V. Credentialing, Progression, and External Recognition
Completion of each level is recorded through the University's credential infrastructure and linked to a clear statement of assessed competencies. The University has resisted pressure to make the credentials more expansive in language than the assessments justify. A credential is useful precisely to the extent that it can be believed by someone who was not present for the assessment event.
Progression between levels depends on demonstrated mastery rather than elapsed time. Students may move quickly if they can substantiate their readiness, but acceleration is not treated as a virtue in itself. Fitzherbert has seen enough technically gifted students underestimate the governance and interpretive demands of advanced work to regard pacing as part of educational seriousness rather than a drag on it.
External recognition of the Programme is supported by publication of competence statements, assessment principles, and verification pathways. Employers and partner institutions are encouraged to read the credential as evidence of disciplined AI capability under institutional oversight, which the University considers a more meaningful claim than generic familiarity with the latest tooling vocabulary.
VI. Review, Revision, and Institutional Ambition
The Programme is reviewed each year against labour market conditions, research developments, student outcomes, and internal evidence about where the curriculum is becoming stale, inflated, or insufficiently demanding. Review is especially important in AI education because a stable syllabus can become outdated while the validation language around it remains deceptively current.
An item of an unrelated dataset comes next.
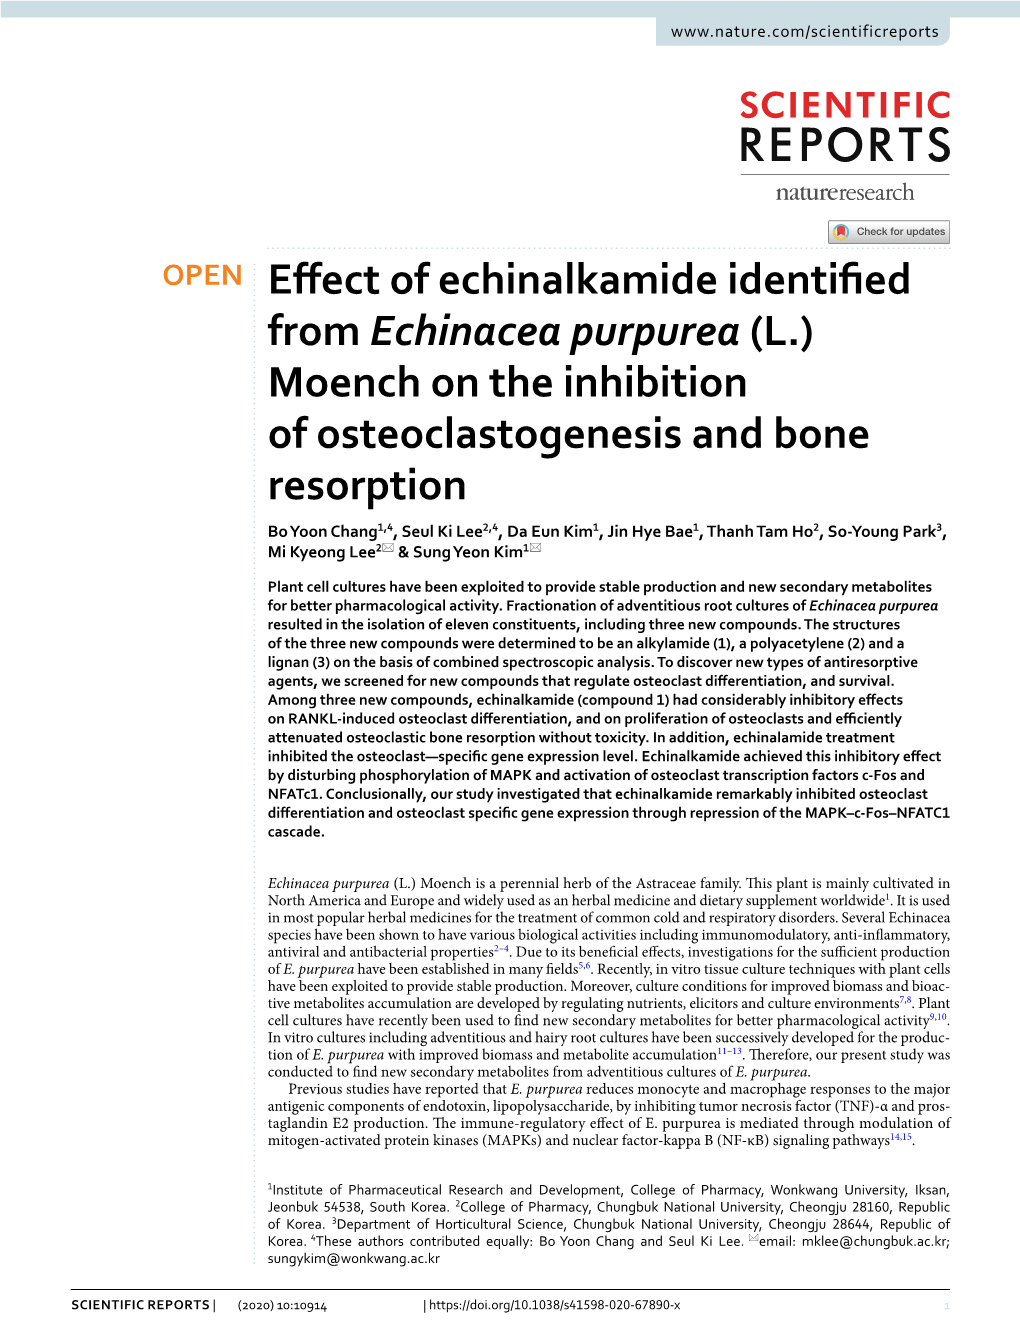 Effect of Echinalkamide Identified from Echinacea Purpurea (L.)

Revision is undertaken with caution. Fitzherbert does not wish to become a programme that chases every technical trend only to rediscover, a year later, that students still need judgment, verification, architecture discipline, and ethical restraint. The University aims instead for durable competence with adaptive examples, an approach less flamboyant than rapid curricular churn and more educationally defensible.
This guide is therefore both curriculum statement and institutional wager. It assumes that the University can educate people not merely to use intelligent systems, but to govern their use in ways worthy of academic trust. Fitzherbert considers that wager ambitious, necessary, and very much the sort of thing a university ought to attempt.